Communa – с французского «социум» – гласит надпись на стене. Посетители клуба сбиваются в группки по интересам, делят большие тарелки со съестными закусками и потягивают из банок что-то санкционное, неправильное для обычного продуктового склада Славгорода. Кто-то приглушенно слушает музыку, кто-то оживленно спорит. На первый взгляд узкое вытянутое помещение заполнено людьми, но ни одного человека здесь нет.

Ее пропустили – не потому, что она не похожа на мента, а потому, что она хорт. Здесь она среди своих.

– Эй, красавица! – Парень за баром опирается локтями на гладко-лакированную стойку. Кажется, это умасленная дверь от шкафа-купе, перевернутая задней стороной. – Хочешь чего-нибудь заказать?

Кончики его усов подкручены, а уложенные назад волосы кажутся на вид такими мягкими, что хочется запустить в них пальцы.

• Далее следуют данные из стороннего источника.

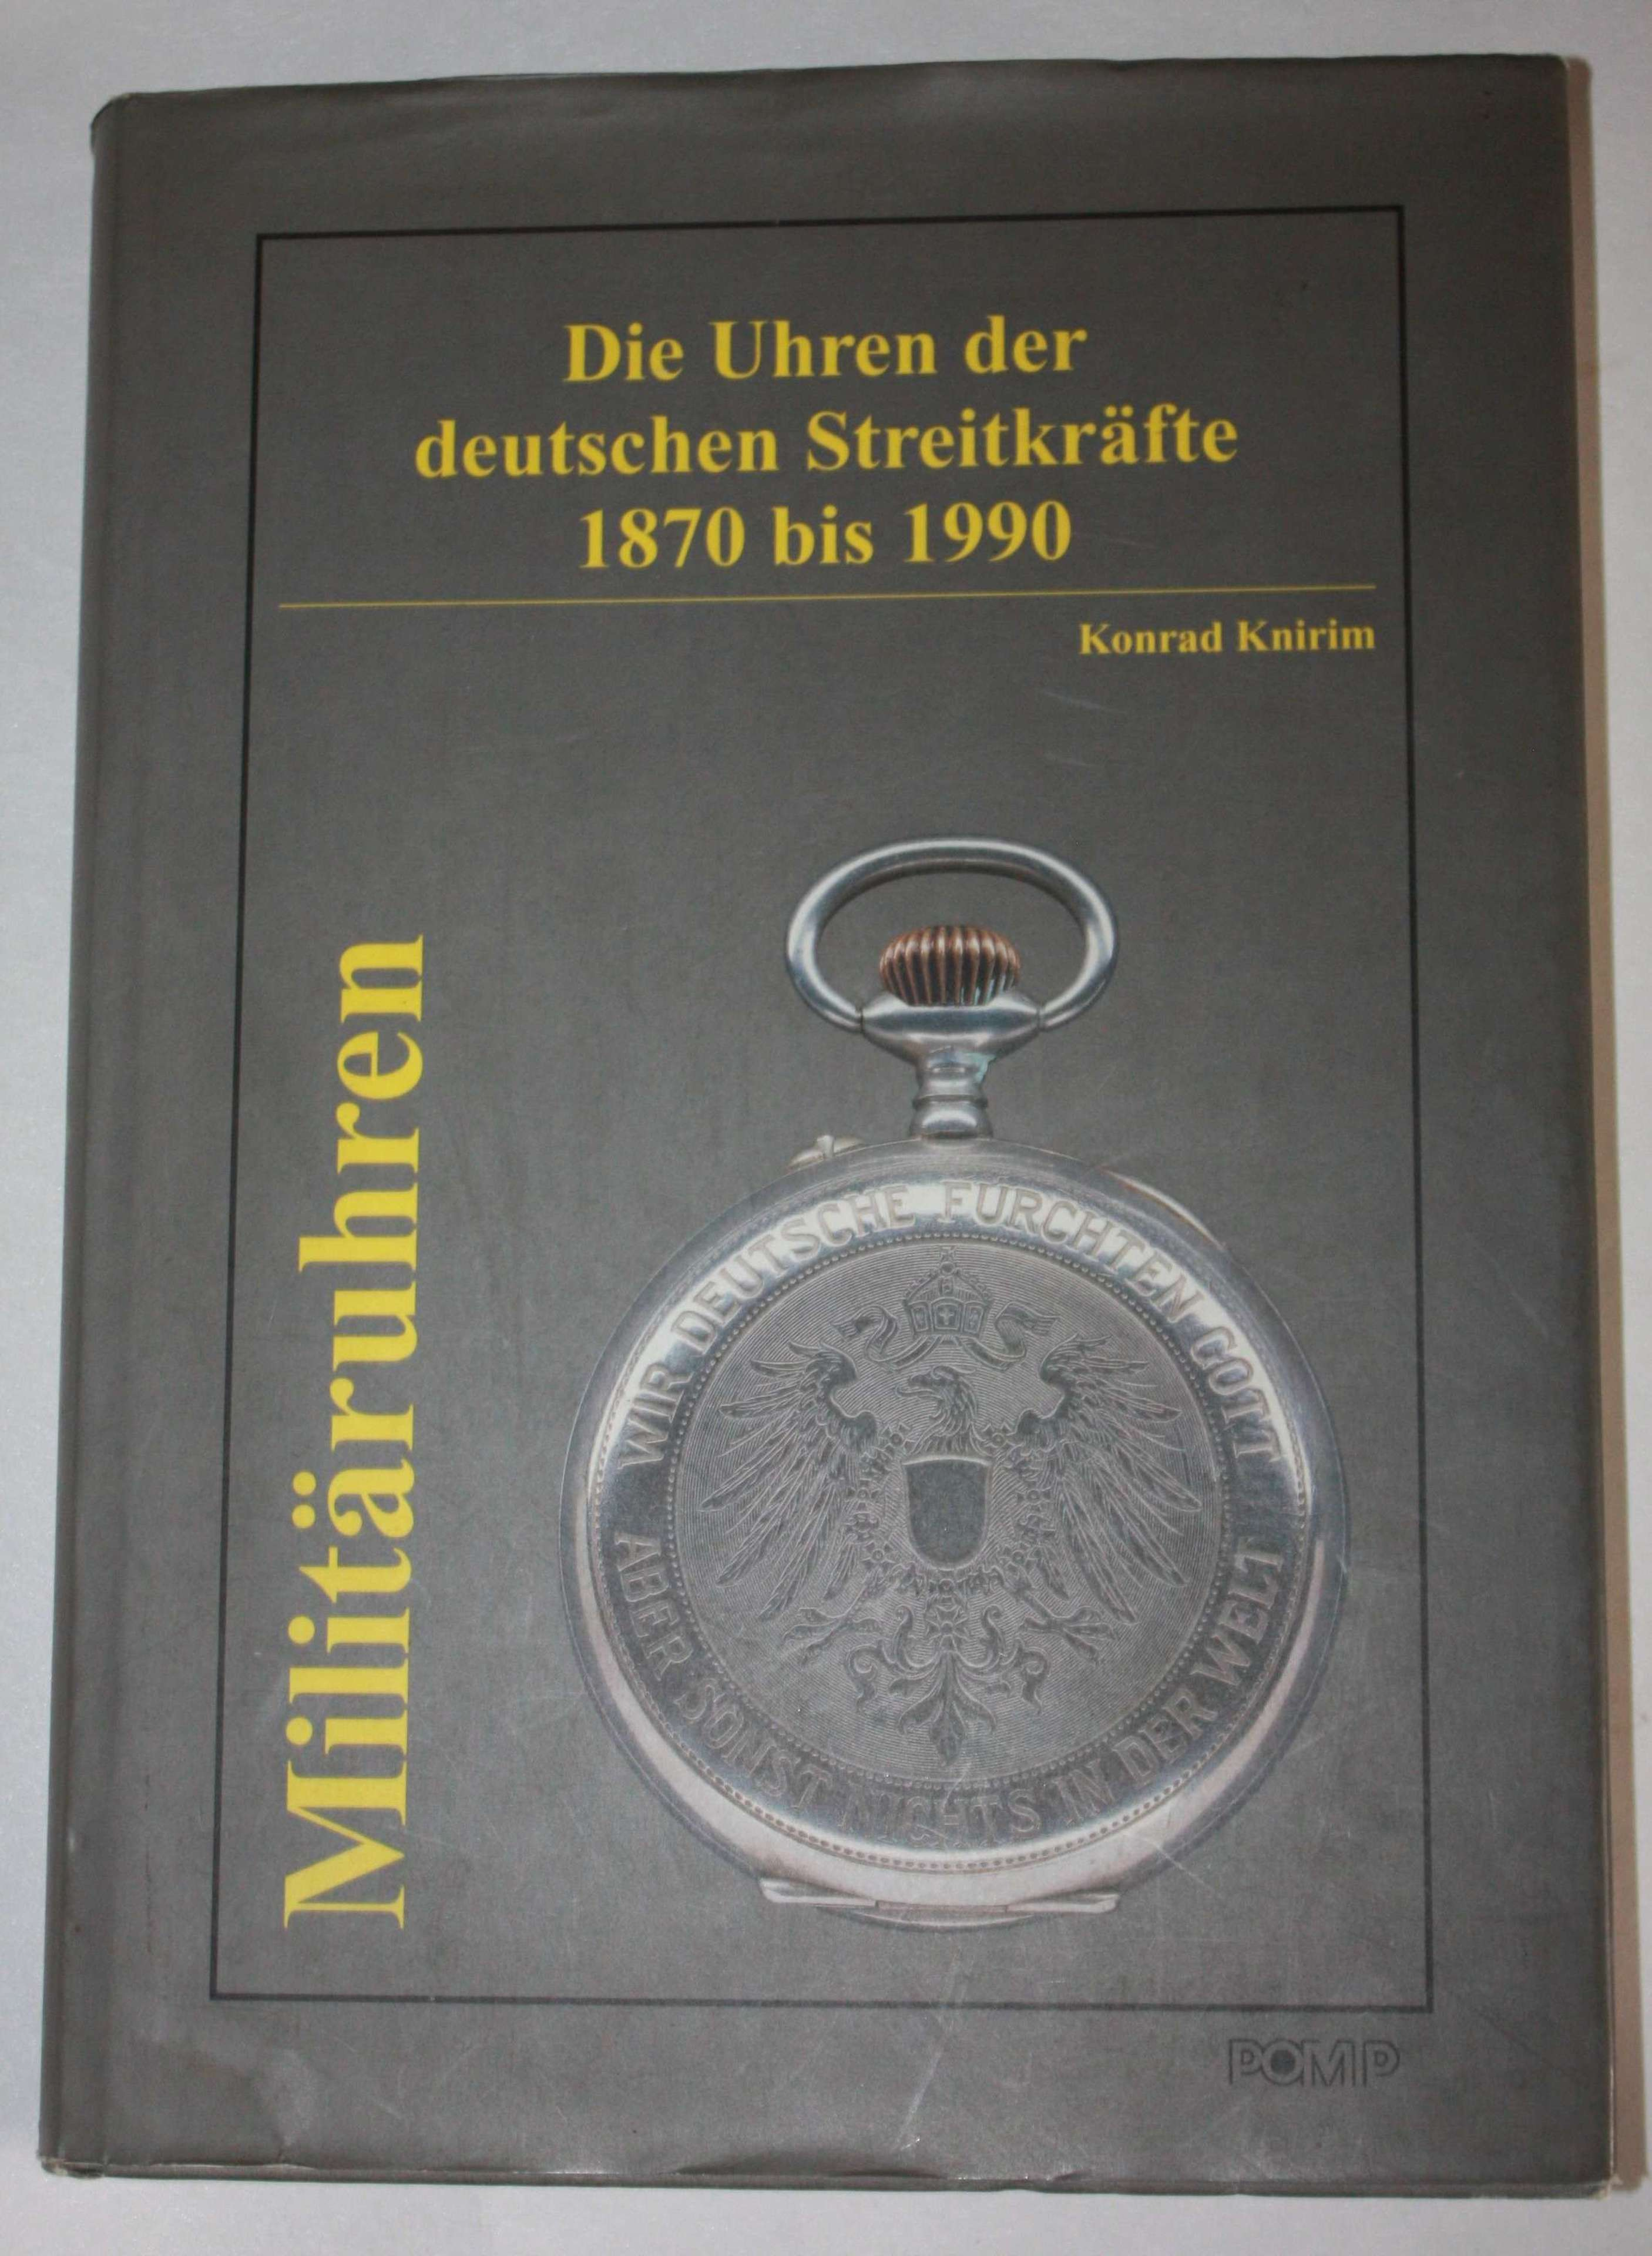 KONRAD KNIRIM WORLD RENOWNED BOOK ON GERMAN WATCHES 1870-1990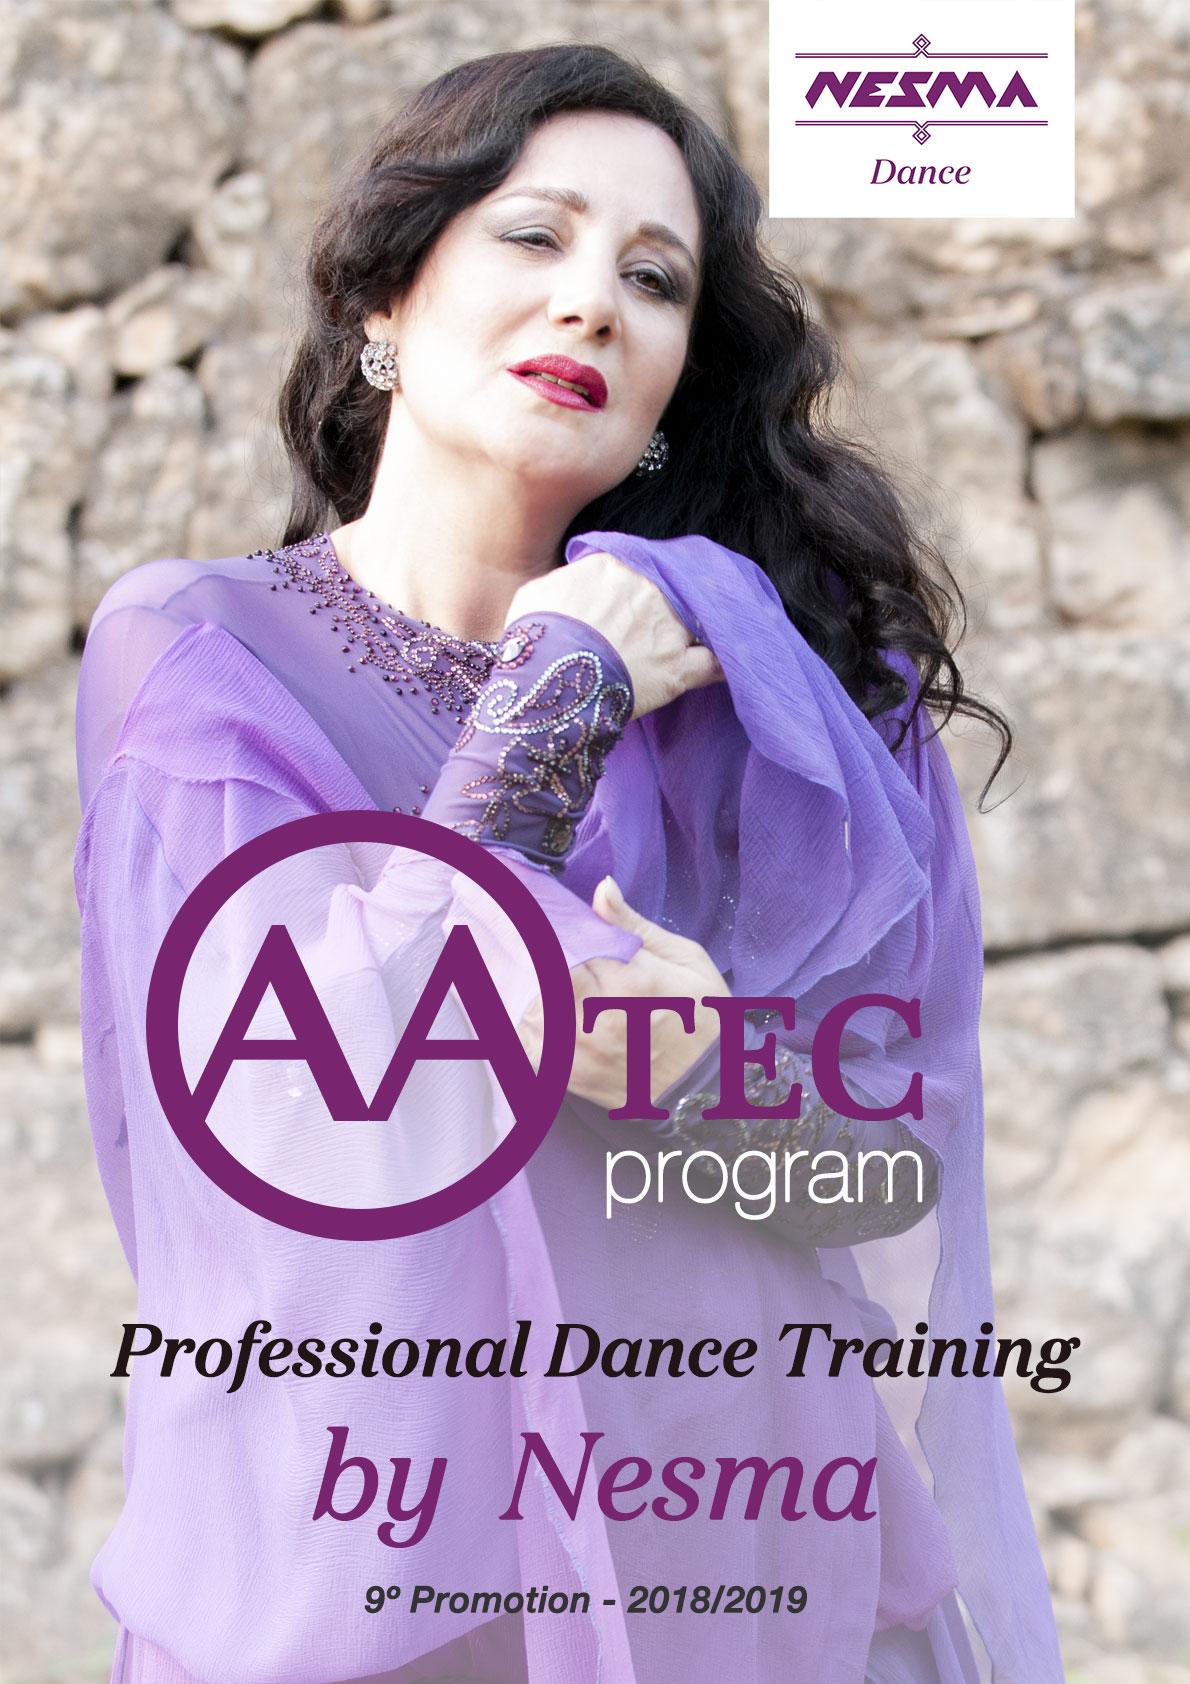 Nesma professional training oriental dance egyptian folklore neoandalusi bellydance

Скованная пристальным взглядом харизматичного красавца, Гриша старается сообразить, что могла бы здесь заказать. За спиной балии исписанные мелом таблички с наименованиями, знакомыми лишь смутно. Гриша открывает рот и тут же закрывает. «Ну и кто теперь нем как рыба?» – пошутила бы Мальва.

Ей бы здесь понравилось. Знала ли она об этой общине? Может, участвовала в создании? Вряд ли, под конец своей второй беременности она ударилась в спасительную секту, обещавшую свободу ей и ее детям.

– Дай угадаю! Колу?

– Отцепись от женщины, Шурка. – Сердитое клокотание доносится из-за спины. Так они, балии, усмиряли друг друга – словно щелкали маленькими клычками и языком, доказывая свою правоту.

– Ладно, налью кваса в кружку «50 лет КПСС».

Гриша закатывает глаза. Ладно, она старая. Это не так обидно, как могло бы быть.

– Хватит выделываться, тебе самому скоро пятьдесят.

– Мне сорок один! – Он задыхается от возмущения.

Гриша не дала бы этому Шуре больше тридцати. Это удивительно даже для балии – долгожительством отличаются только аркуды и вирии. У балий молодость пусть и не столь быстротечна, как у хортов, но все же рано или поздно увядает. Поэтому-то они живут на полную: пьют, гуляют, влюбляются. И так по кругу – и душой, и телом. Некоторые все же выглядят неугасающими и юными даже в сорок.

Наконец Гриша оборачивается на свою заступницу. В полумраке битых неоновых ламп ее лицо не кажется знакомым.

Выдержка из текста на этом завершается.